Aley United Methodist Church and its pastor the Rev. Eston Williams have long extended welcome to all people, including the Cedar Creek Lake's sizable LGBT community.
In July the congregation took it a step further by voting to go against the Methodist doctrine by approving marriages between same-sex couples and allowing them to be performed in the church.
Of the 87 members, 69 voted to allow the marriages in the sanctuary, eight sought to prohibit them in the church but recognize such marriages performed elsewhere and two members were undecided, according to a report in the Athens Daily Review.
Williams, whose wife and children have lived in the Cedar Creek Lake area 30 years, said the church's congreation risked being charged with breaking church law and tried for the offense.
Williams said that if the North Texas Conference of the Methodist Church took such action and dismissed him and other clergy, he would start a new congregation independent of the United Methodist Church.

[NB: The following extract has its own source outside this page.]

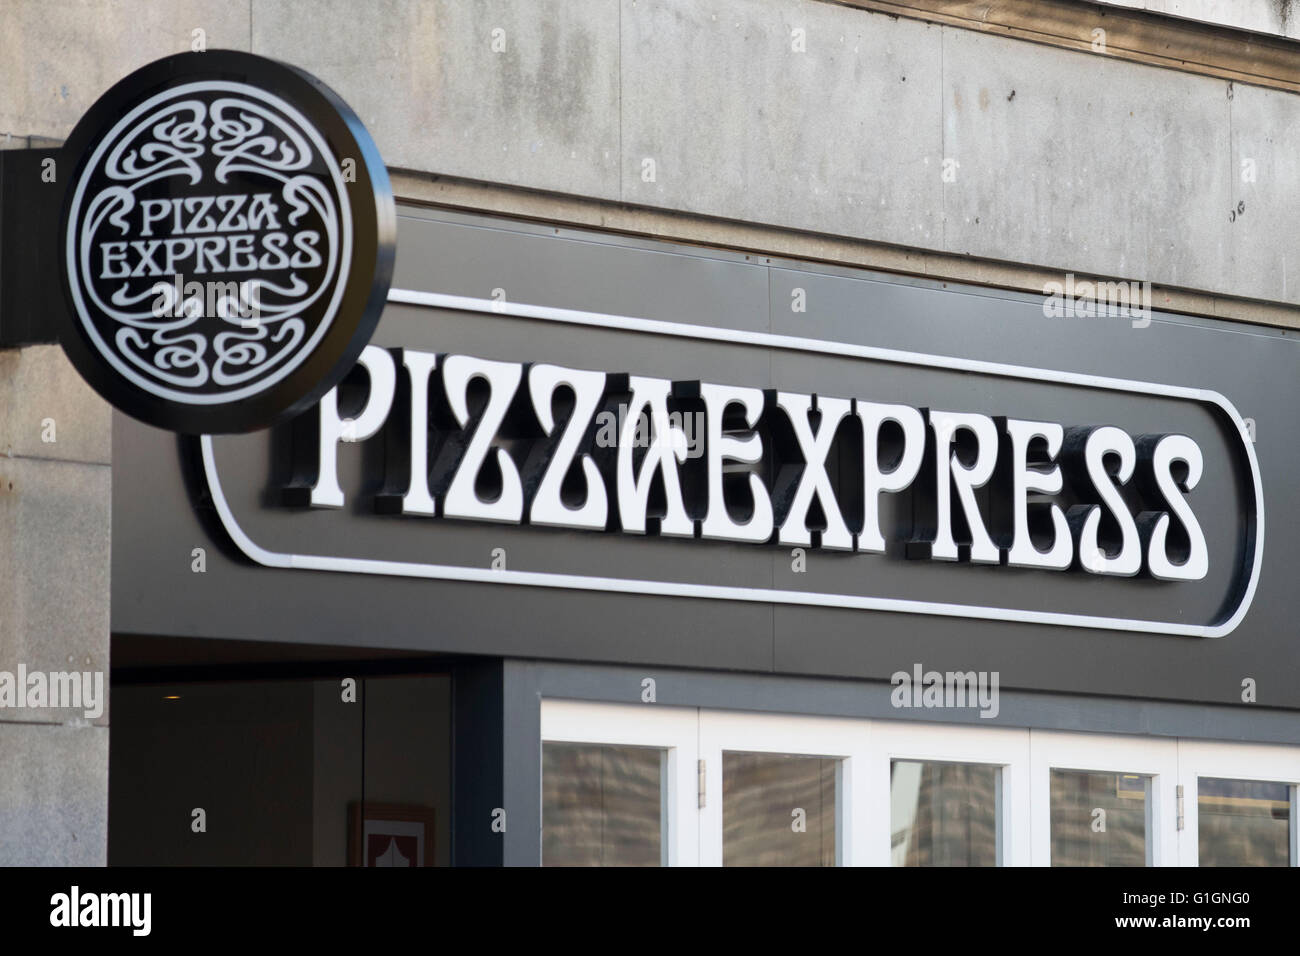 Pizza Express Branding Stock Photos Pizza Express Branding

"At the end of the day, I'd rather be excluded for who I include than included for who I exclude," Williams told the Athens newspaper.
Williams and other clergy taking such action regarding same-sex marriages is asking the General Conference of the Methodist Church not to try any pastor who conducts same-sex marriages and to not penalize any church allowing a same-sex marriage.
Northaven United Methodist Church in Dallas also voted to perform same-sex marriages.
Prominent members of Aley United Methodist Church include Gun Barrel City Mayor Jim Braswell and retired Judge Ron Chapman.
Cedar Creek Lake also has a predominantly LGBT church in the Payne Springs area known as Celebration on the Lake Church.